Numerous epidemiologic studies report that the active smoking of less than 10 cigarettes/day is not associated with measurable risk of coronary heart disease (CHD). Thus, even assuming that ETS and MS have equivalent biological activities, conceivable ETS doses to nonsmokers are far below apparent no-effect thresholds for active smoking.
Hence, it is no surprise that epidemiologic reports are inconclusive about a possible association of ETS exposure and CHD, some suggesting a slight elevation, others a reduction of risk. Often, the elevations reported are higher than the CHD risk values associated with active smoking. Such equivocations likely result from the presence of contrasting protective or aggravating confounders, of which more than 200 have been reported in the literature -- confounders that were not and could not be adequately controlled by any epidemiologic study. By scientific standards, the weight of evidence continues to falsify the hypothesis that ETS exposure might be a CHD risk factor.

INTRODUCTION

Several reviews have attempted to appraise the literature on environmental tobacco smoke (ETS) and coronary heart disease (CHD) (Glantz and Parmley, 1991; Taylor and Johnson, 1992; Steenland, 1992; Wells, 1994). In general these reviews have been selective and conjectural and have failed to account for the many pertinent considerations that a scientific evaluation requires. Although written by a long-time consultant to the tobacco industry, this present review strives for a comprehensive evaluation of available knowledge by avoiding assumptions and standing by the evidence.

In considering ETS as a possible CHD risk factor it will be useful to address what is known of the chemical, physical and biological comparability of ETS and the smoke that smokers inhale. Exposures and doses will then be compared in light of the no-observable adverse effect levels for active smoking and CHD, as reported in the literature. Finally, the epidemiologic studies of ETS exposure and possible CHD risk are evaluated against the background of numerous confounders, difficulties in establishing and measuring exposures, classification and other logical biases, statistical criteria of significance, and inferential conjectures from in vitro and in vivo experiments and clinical effects in humans.

ETS AND ACTIVE SMOKING

Mainstream smoke -- inhaled directly by smokers -- is concentrated and confined to the moist environment of mouth, throat, and lung. Its higher gas-phase concentrations favour larger respirable particles that condense and retain more water and volatiles. By contrast, ordinary ETS is over 100,000 times more diluted, with much lower humidity and extremely low concentrations of volatiles. Evaporation is faster from ETS particles which -- within fraction of seconds from their generation -- attain sizes 50 to 100 times smaller in mass and volume than their mainstream counterparts. As ETS ages, it undergoes oxidative and photochemical transformation, polymerization from loss of water and volatiles, reactions with other environmental components, differential absorption to environmental surfaces, and other changes (NAS,1986; USSG,1986; USEPA,1992c; Guerin et al., 1987; Baker and Proctor, 1990). The reducing capacity and free radicals of MS are lost within minutes (Schmeltz et al., 1977, Tanigawa et at.. 1994), and ETS is considerably less cytotoxic than inhaled MS (Sonnenfeld and Wilson,1987).

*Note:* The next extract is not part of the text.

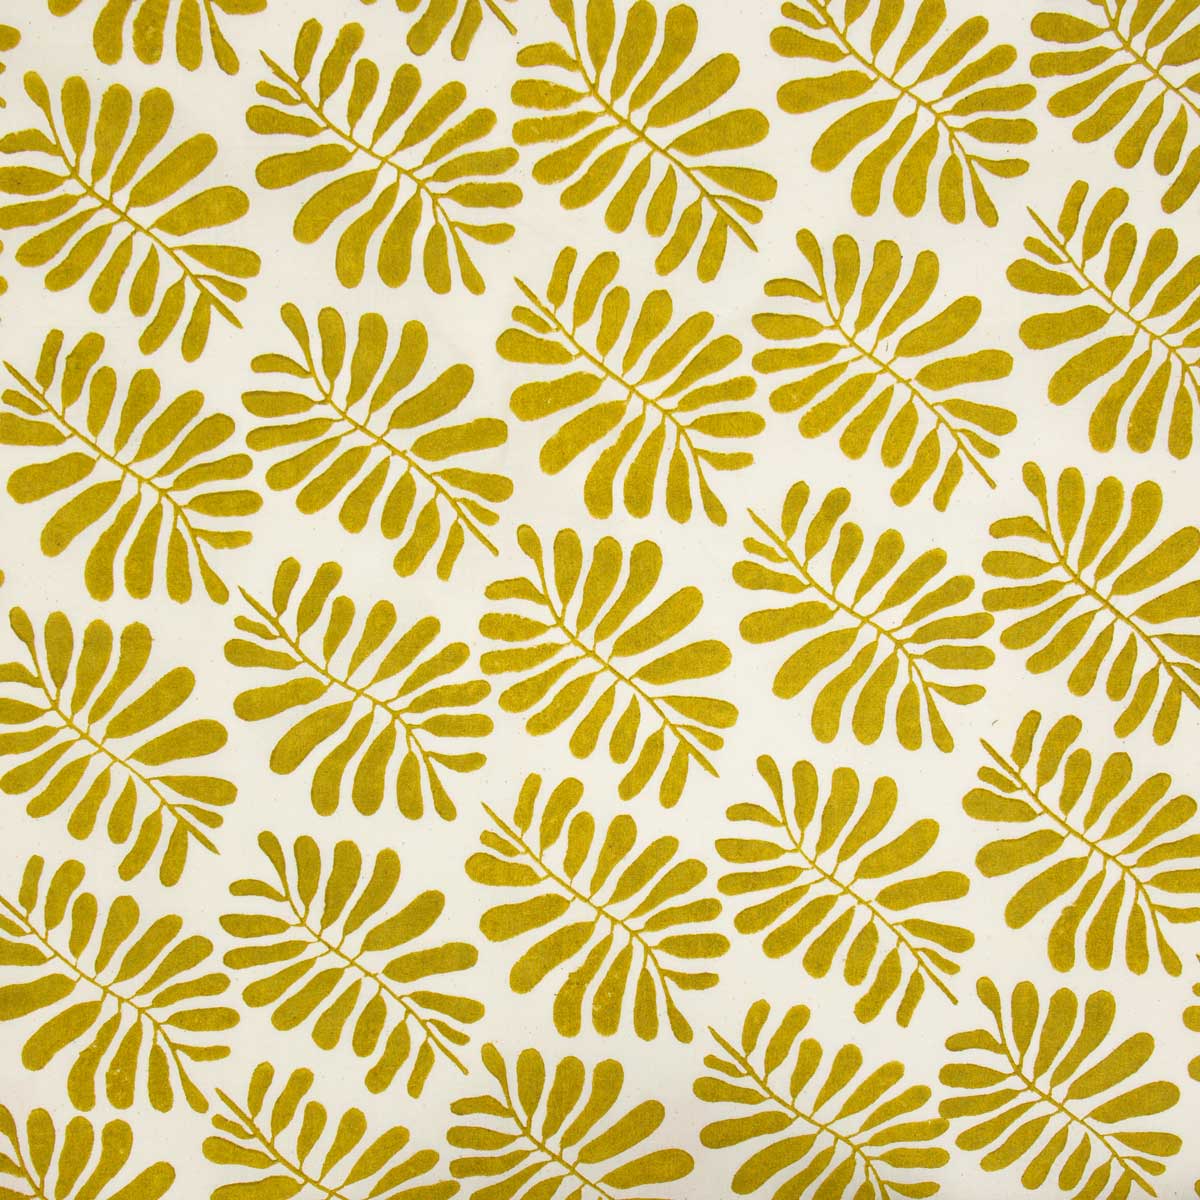 LEAF Fabric, mustard
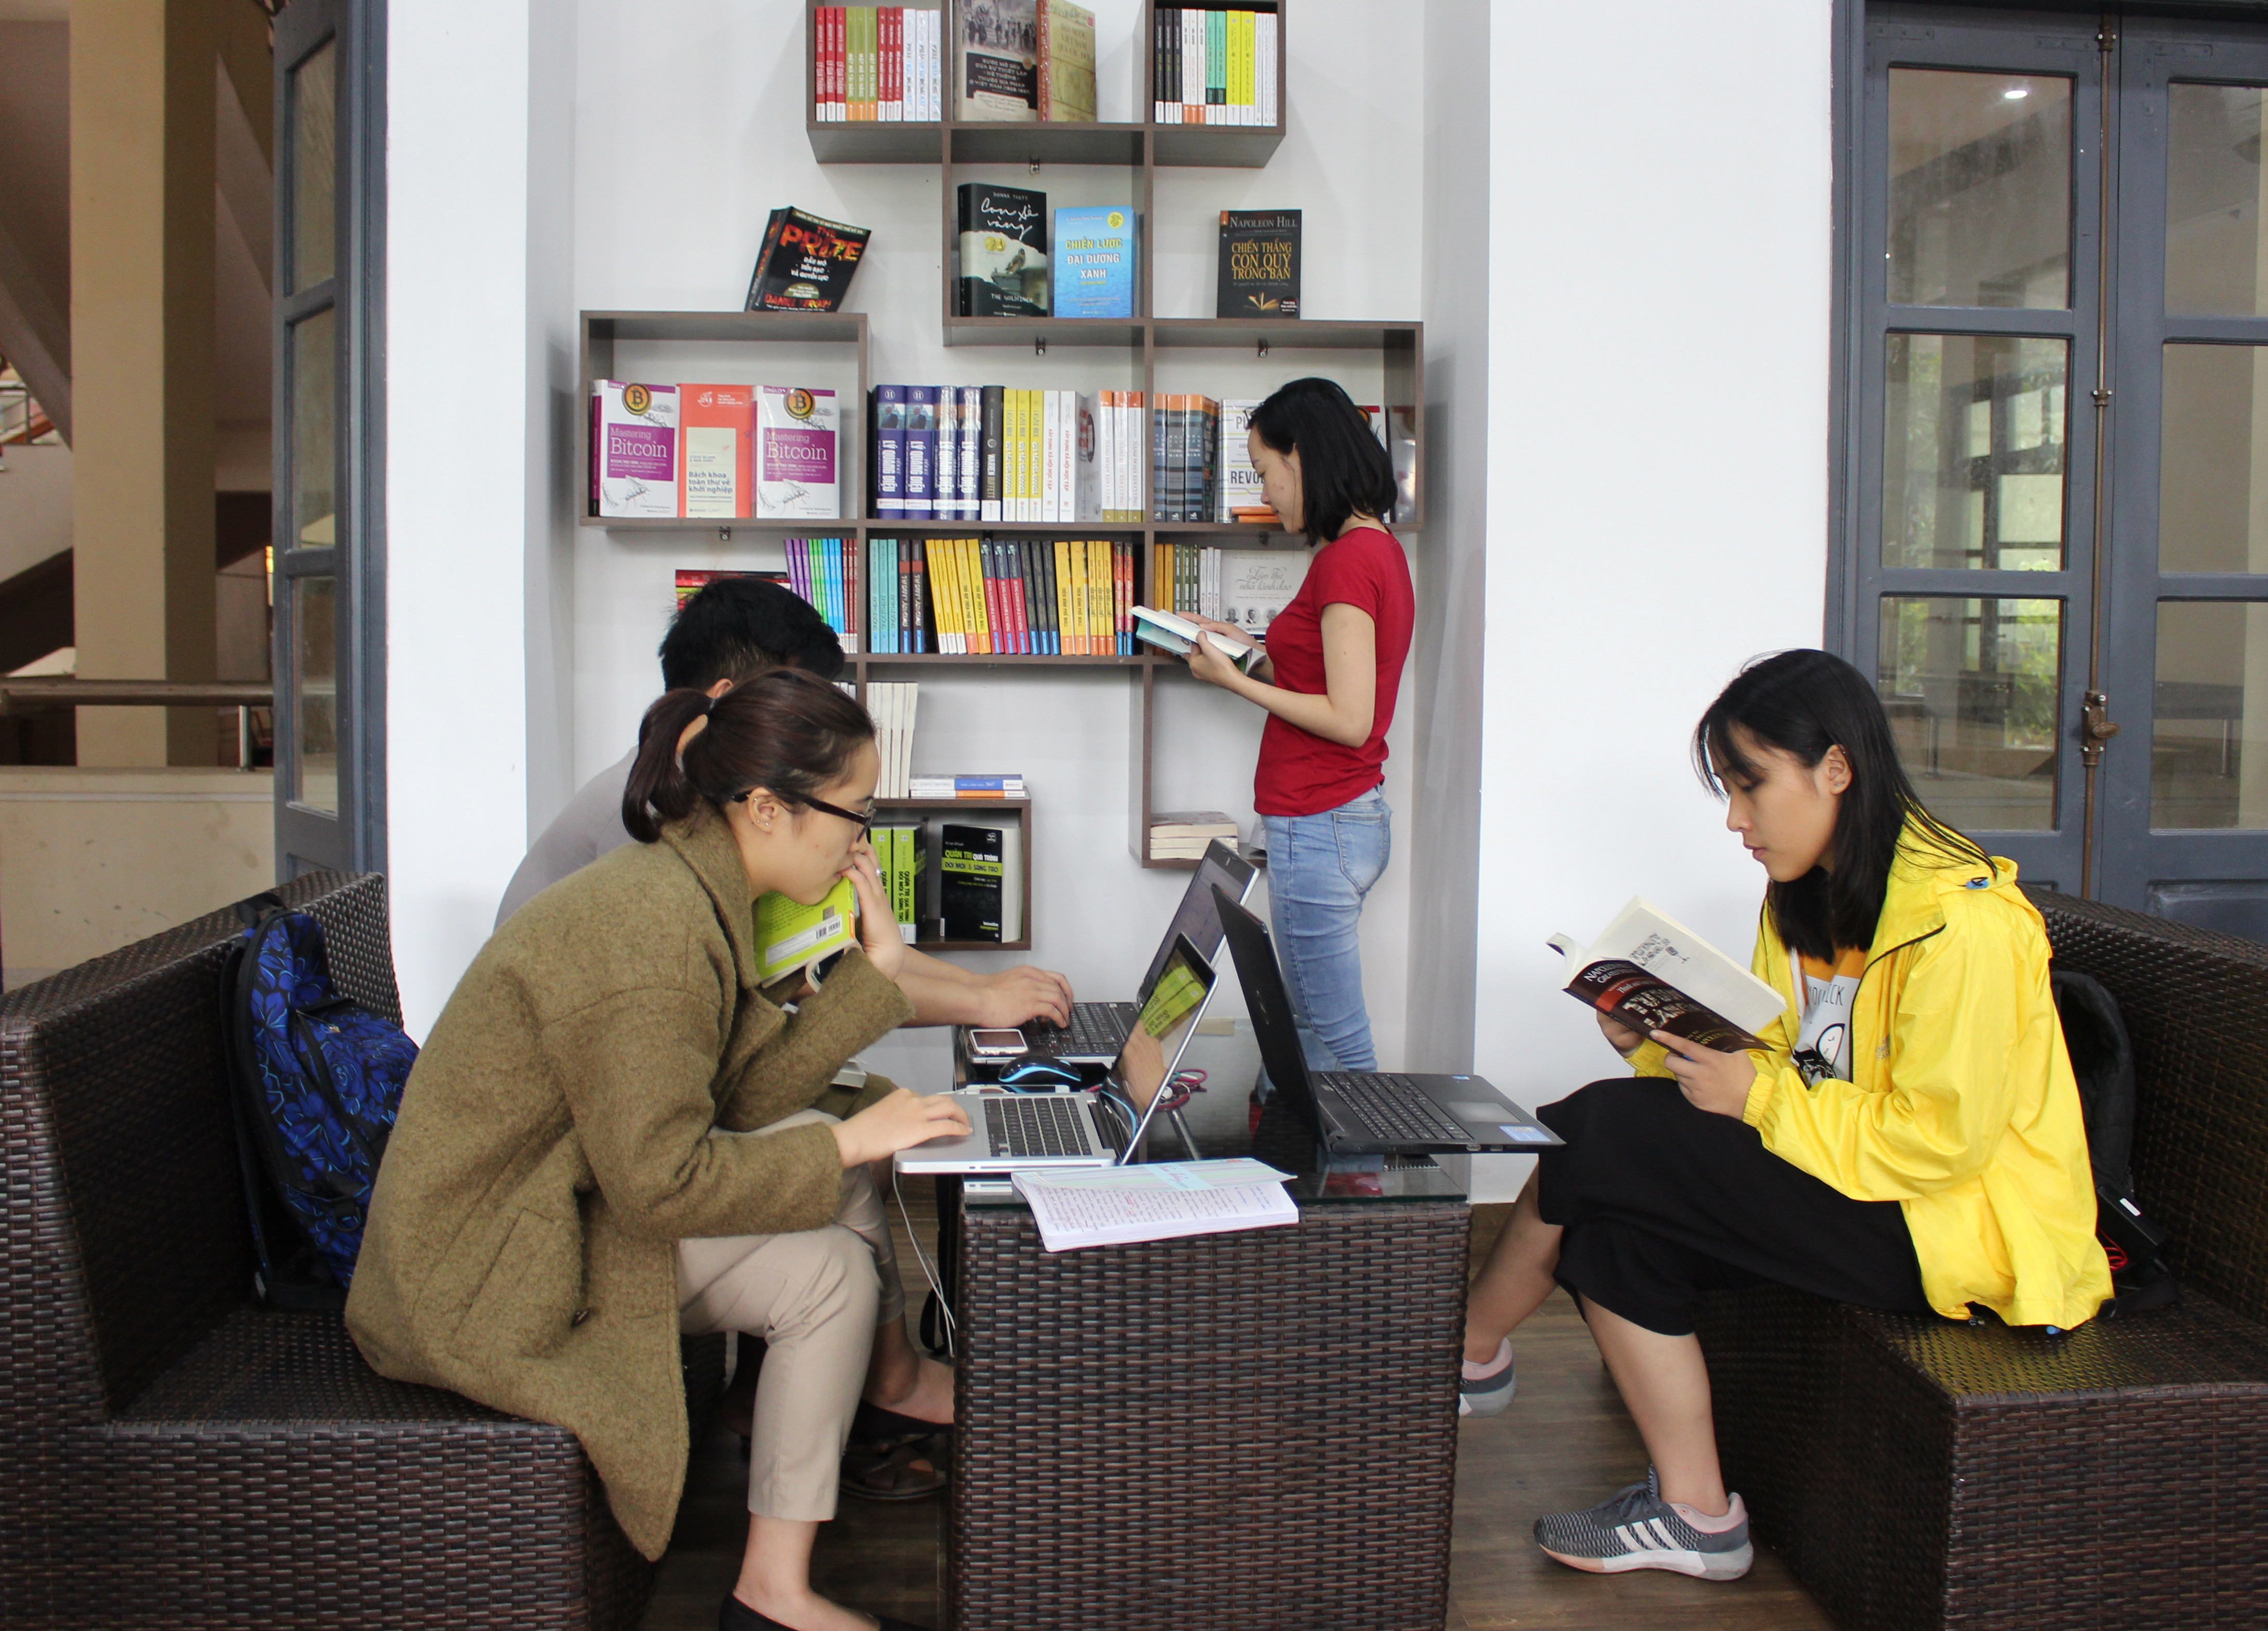 Phòng đọc sách doanh nhân và hướng nghiệp tuổi trẻ tạo không gian sinh hoạt văn hóa, kết nối cộng đồng yêu sách, ảnh Đinh Nguyệt

Of the several thousand components identified in mainstream smoke, only 100 or so have been detected in sidestream smoke under Field conditions, due to extreme dilutions. Because of even greater dilution, only about 20 ETS components have been identified directly under field conditions. In natural settings, most ETS components are below the sensitivity of current analytical capabilities (Guerin et al.,1987; Baker and Proctor.1990).

Compilers of ETS reports from the National Academy of Sciences (NAS, l986), the U.S. Surgeon General (USSG, 1986), and the Environmental Protection Agency (USEPA, 1992c) have been forced to infer the presence of ETS components by proxy, based on the composition of the sidestream smoke from which ETS primarily derives.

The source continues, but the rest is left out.